In the hours before the dawn service, crowds had gathered on the slopes around the ceremonial area at the cove to watch documentaries about the battlefield which gave birth to the Anzac legend.
Then, with dawn approaching, flags flew at half mast as ceremonial parties marched into the area where yesterday's service was conducted.
Backpackers clad in beanies and jackets and some wrapped in sleeping bags against the cool spring morning waited in respectful silence for the service to begin.
The Vice-Chief of the Australian Defence Force, Lieutenant General Ken Gillespie, read the words of Australia's official historian at Gallipoli, Charles Bean, to help recreate the fateful day.
"Under the sky it could be seen definitely for the first time since the set of the moon, the dark shape of land," he read.
"Every brain in the boat was throbbing with intense anxiety of the moment ... The suspense was almost unbearable.
"They were men who their countries could ill afford to lose."
New Zealand Foreign Minister Winston Peters painted a moving picture of the Anzac campaign and urged a commitment to peace.
The Anzacs, who believed they were training for deployment in France, were pitched into an-ill conceived eight-month campaign against Turkey for which few of them were prepared, he said.
"They were to learn that courage and natural ability could not compensate for failures in planning, leadership and logistics," he said in remarks broadcast live in both New Zealand and Australia.
"Under constant fire from the start, many troops were hit before even making it to shore."
Many more were pinned down on the exposed beach.
"The human cost of the campaign was enormous, with over half a million casualties including 130,000 dead," Mr Peters said.

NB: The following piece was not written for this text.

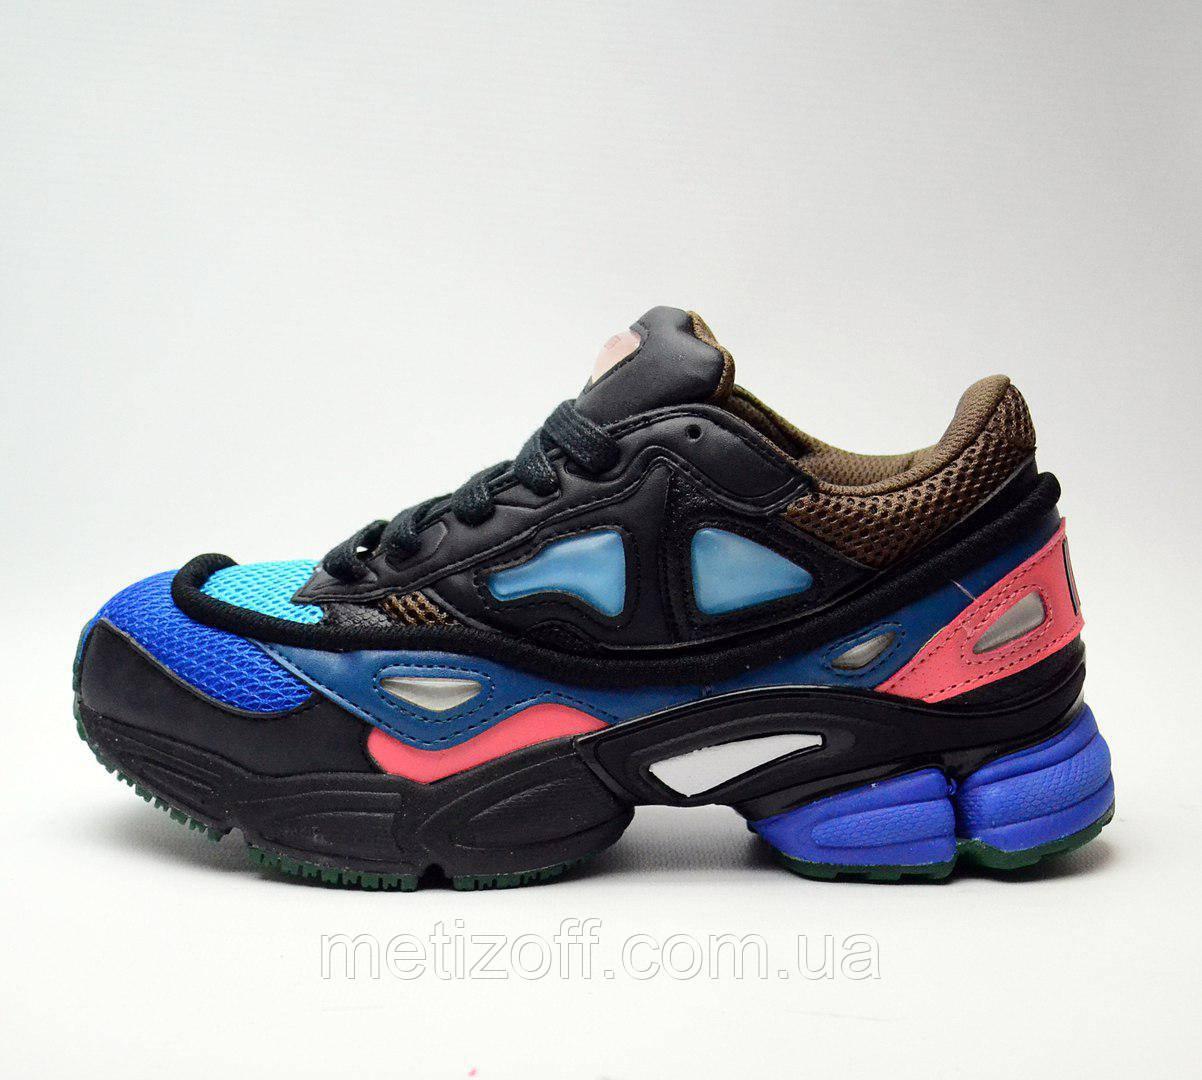 20b310f59a19 Кроссовки Adidas x Raf Simons Ozweego II  продажа, цена в Днепре. беговые  кроссовки от

"In remembering the suffering and loss on both sides, let us commit ourselves to working for a world where differences between nations can be resolved without resorting to war.
"That is the way that we can best honour the men who fought and died here."
Turkish military officers read a quotation in Turkish and English taken from a now well-known speech made by the first president of the Republic of Turkey and the man who led and inspired the Turkish forces at Gallipoli, Mustafa Kemal Ataturk:
"Those heroes that shed their blood and lost their lives, you are now lying in the soil of a friendly country. Therefore rest in peace...
"You, the mothers who sent their sons from far away countries, wipe away your tears. Your sons are now lying in our bosom and are in peace.
"Having lost their lives on this land they have become our sons as well."
The words are now mounted on a huge memorial overlooking Anzac Cove.